SOURCE DATA ->
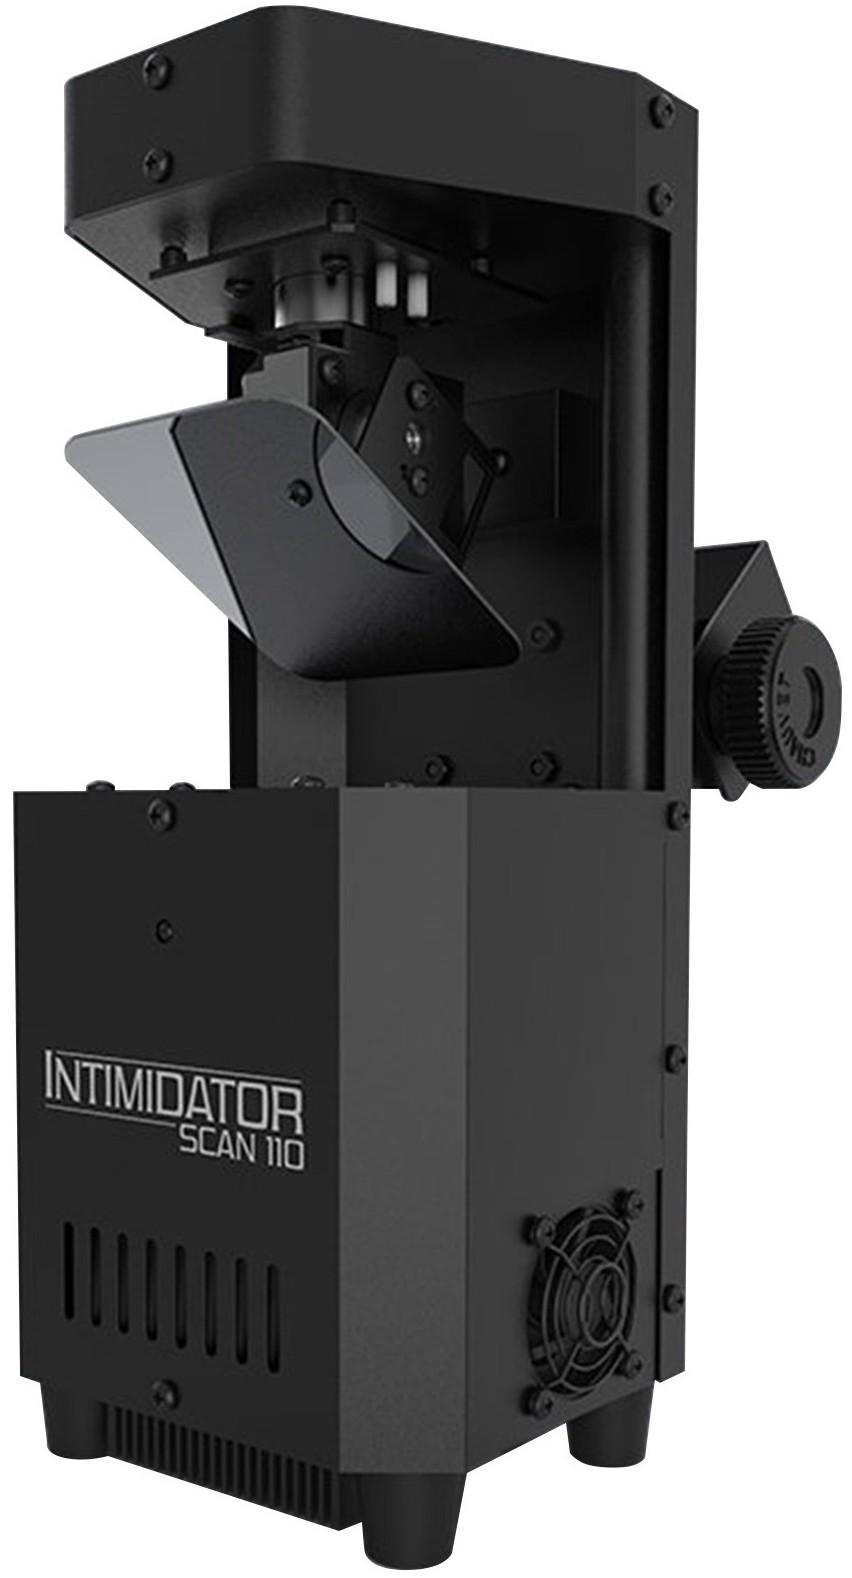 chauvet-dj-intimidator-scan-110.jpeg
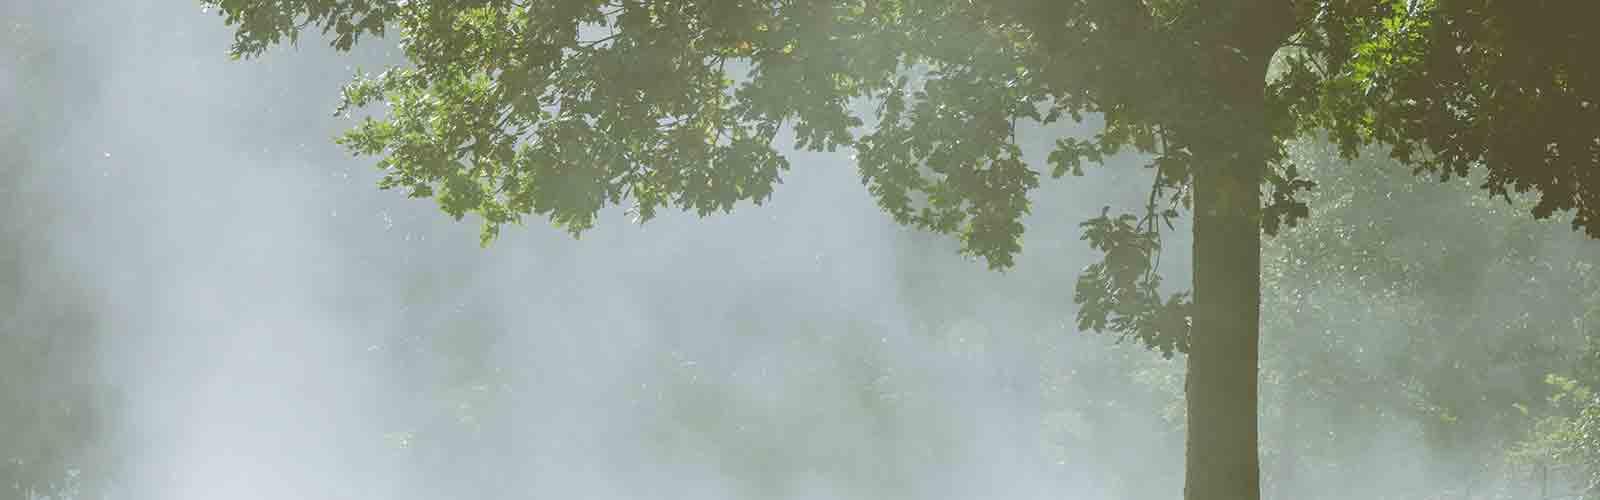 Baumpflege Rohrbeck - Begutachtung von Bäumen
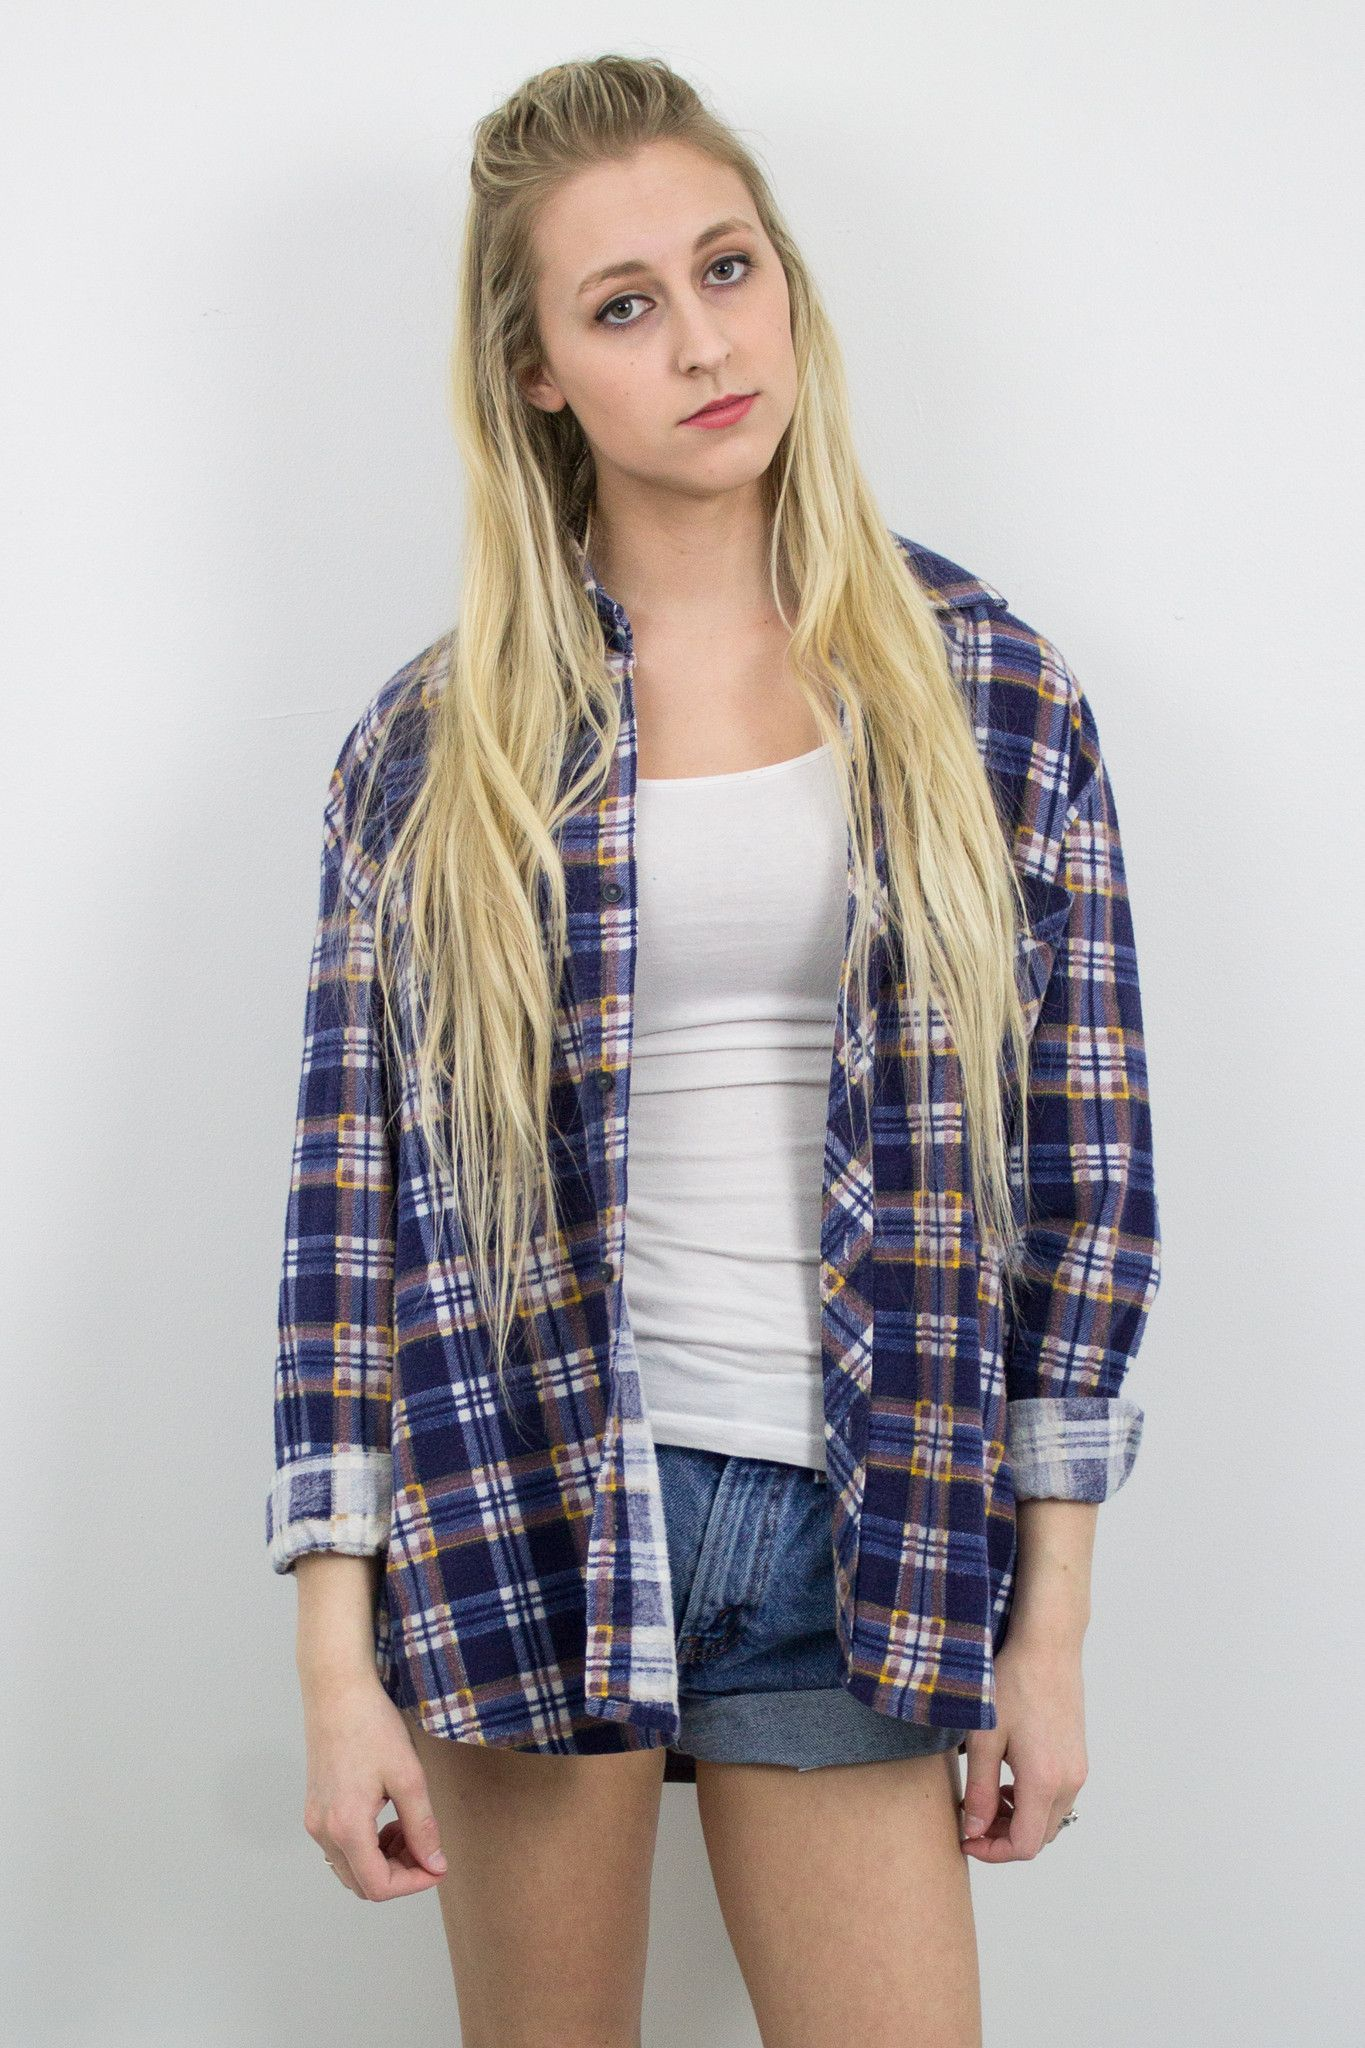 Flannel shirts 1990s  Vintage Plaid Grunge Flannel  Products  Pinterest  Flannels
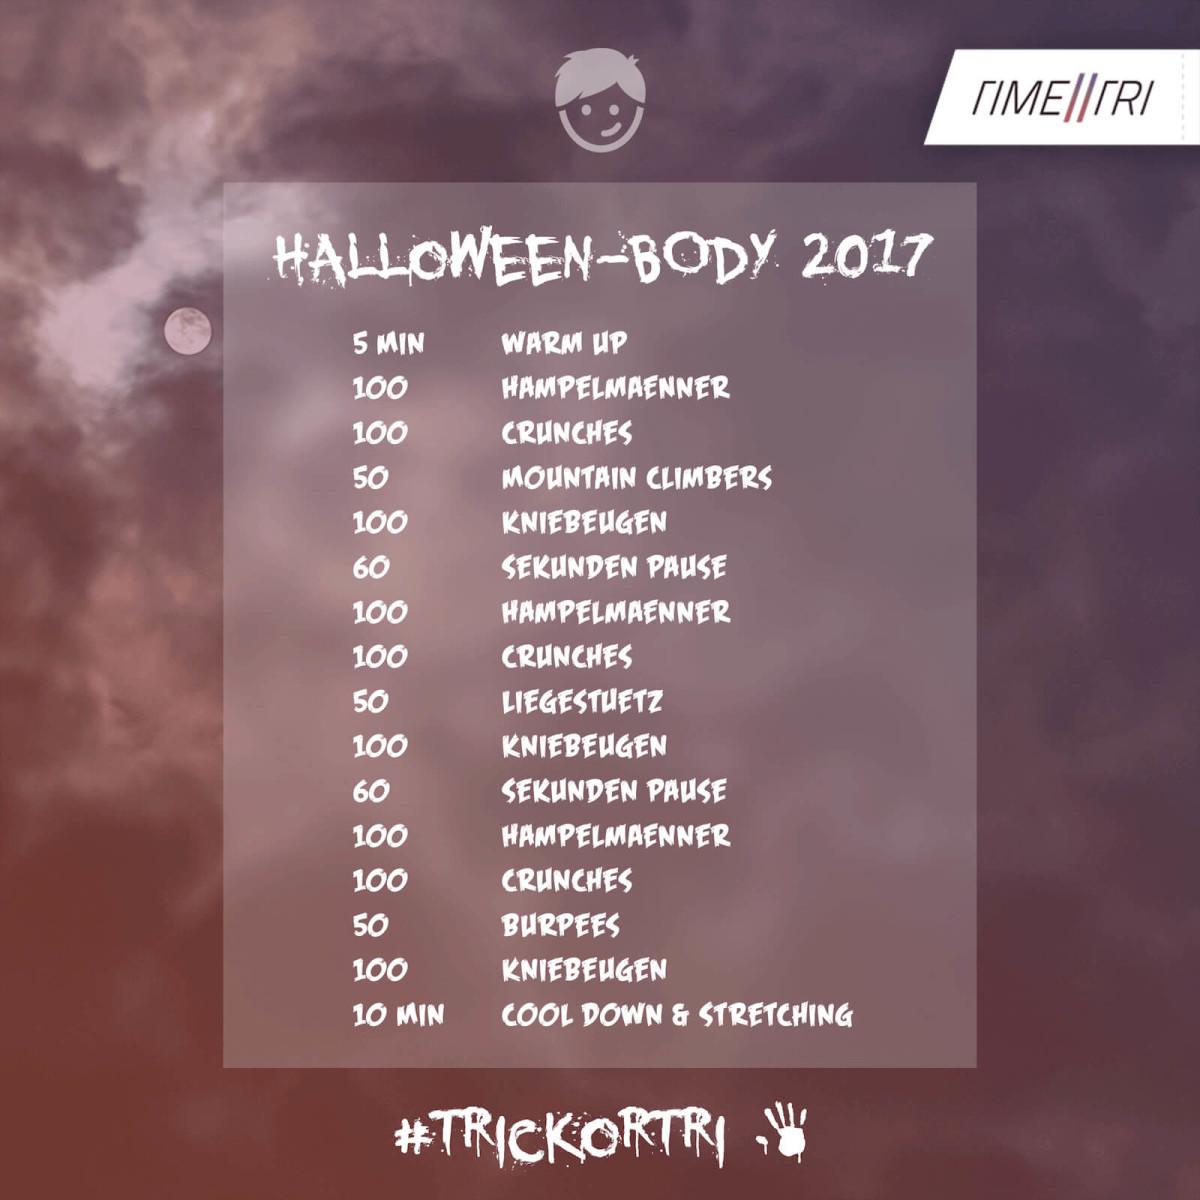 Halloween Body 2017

EXERCISE GOAL -> Make an exact copy of the data above, pictures excluded.

PROBLEM SOLUTION ->
 chauvet-dj-intimidator-scan-110.jpeg
 Baumpflege Rohrbeck - Begutachtung von Bäumen
 Flannel shirts 1990s  Vintage Plaid Grunge Flannel  Products  Pinterest  Flannels
 Halloween Body 2017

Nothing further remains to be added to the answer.